It’s hard enough to work 6 days and take the 7th off.  Ok, so it’s not hard.  We just don’t do it.   I actually do try although it is tricky to figure out what one is to actually “do” on the Sabbath.   Read books?  Watch TV?  That’s fun for a bit but then gets boring.  Regardless, God says rest.  I rest.

But now the harder challenge.  Can you imagine gaining your income from farming and told you were to work the land 6 years and then let it rest for 1 year?  A whole year?!  How would you eat?  How would you pay bills?  How would you provide for your family?  God says we need rest.  And also the land.   Rest.

I wonder how this worked.  Did they save up double in the 6th year like they did with the manna that fell from heaven?  How would provision come for year #7?  Did they find other work?  If so what did they do?  I don’t really know and neither does Google.  Now that’s a real crisis.

But there’s another reason for letting the land rest.  It was not just for the Sabbath.  It was also for the poor.

Ex 23:10 “For six years you are to sow your fields and harvest the crops, 11 but during the seventh year let the land lie unplowed and unused. Then the poor among your people may get food from it, and the wild animals may eat what is left.

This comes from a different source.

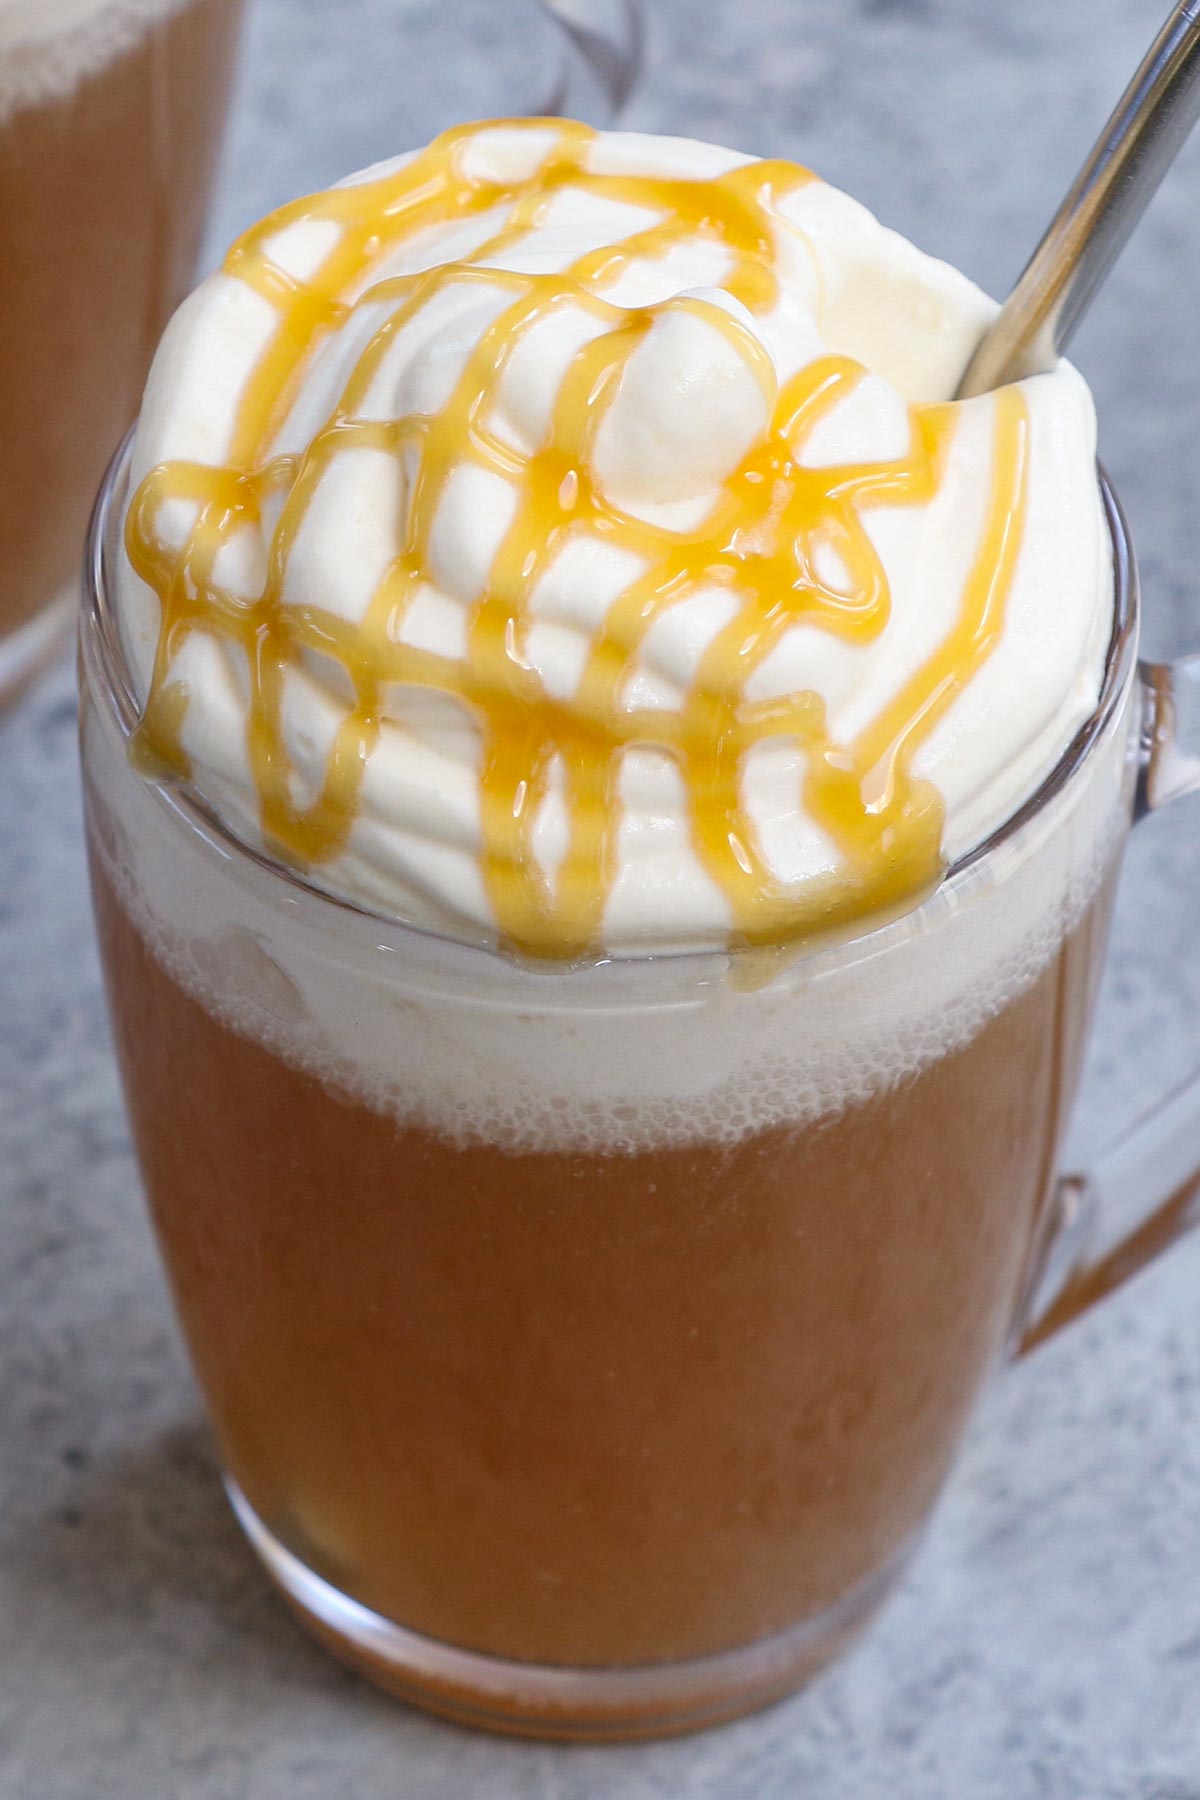 Add a little magic to your life with this recipe straight out of the Wizarding World. Contrary to what the name might imply, this Harry Potter Butterbeer is non-alcoholic, making it the perfect fun treat for the whole family to enjoy. It’s made from cream soda topped with a butterscotch whipped cream and can be prepared in just a few minutes...almost like magic.

Do the same with your vineyard and your olive grove.

The land would produce a little based on what accidentally fell in the soil.  And vineyards and olive groves would continue to produce.  This is what belonged to the poor.  

It may be worth mentioning that the farmer did not do all the work and then give it directly to the poor (although we will read later that there is this kind of provision as well), but the year of the Sabbath rest made provision for the poor to find work.  This preserves the dignity of the poor and that is priceless.

So how does that look today?  We don’t exactly know how to make bread from grains and if we did, not all of us have a grain mill on our kitchen counter.   Nor is our sustenance mainly from farming anymore.  We are more of an industrial culture.

One way that has grown tremendously that carries this same sort of spirit is making provision for the poor to find work is microfinance.   It is about empowering those who need hand up with a small sum of money to develop a business.  Microfinance, although slower than direct hand-outs is having tremendous payout.  Here is the story of one ministry and how it works for them:

Or how about this story from the book I’ve been reading, “Hole in Our Gospel”:

“I met this remarkable woman named Lida Sargsyan a few years ago in Armenia, a country still recovering…  A talented seamstress, she had approached World Vision several years earlier for a loan of a few hundred dollars to buy a sewing machine.  She repaid that loan quickly and took additional loans to buy more equipment and supplies, each time a bit larger and each time paying them back with interest.  She was building and growing an apparel business specializing in tailored suits for men, women, and children.

As we walked into her factory, I was astonished to find large sewing and cutting machines, a warehouse full of supplies, a shipping room filled with orders soon to be shipped, and forty employees!  She was virtually bursring with pride as she showed me what had been able to create with her own talents–and a few strategic loans form World Vision.

We ended the tour in her office, where she pulled our printed proofs of her fall catalog.  In it were photographs of all of her new styles and products for the coming season.  This catalog would be distributed not only throughout Armenia but also in several neighboring countries–she had gone international.  The point is, years earlier, World Vision could have simply given her handouts to address her poverty, but instead we chose to believe in her–and to give her a hand up.  As a result, she and forty others were drawing paychecks to support their families.

As I was leaving, I told her that while I had been the CEO of two American companies, I had rarely met anyone as talented as her in business.  Obviously delight, she smiled at me and said, “Not too bad for a woman, eh?”

Empowering the poor to provide for themselves is what I believe we can take from this text.  The poor aren’t dumb or all lazy as we would like to believe, but some just need an an opportunity.  In an agrarian society, this was one system in place that provided opportunities for the poor to find work.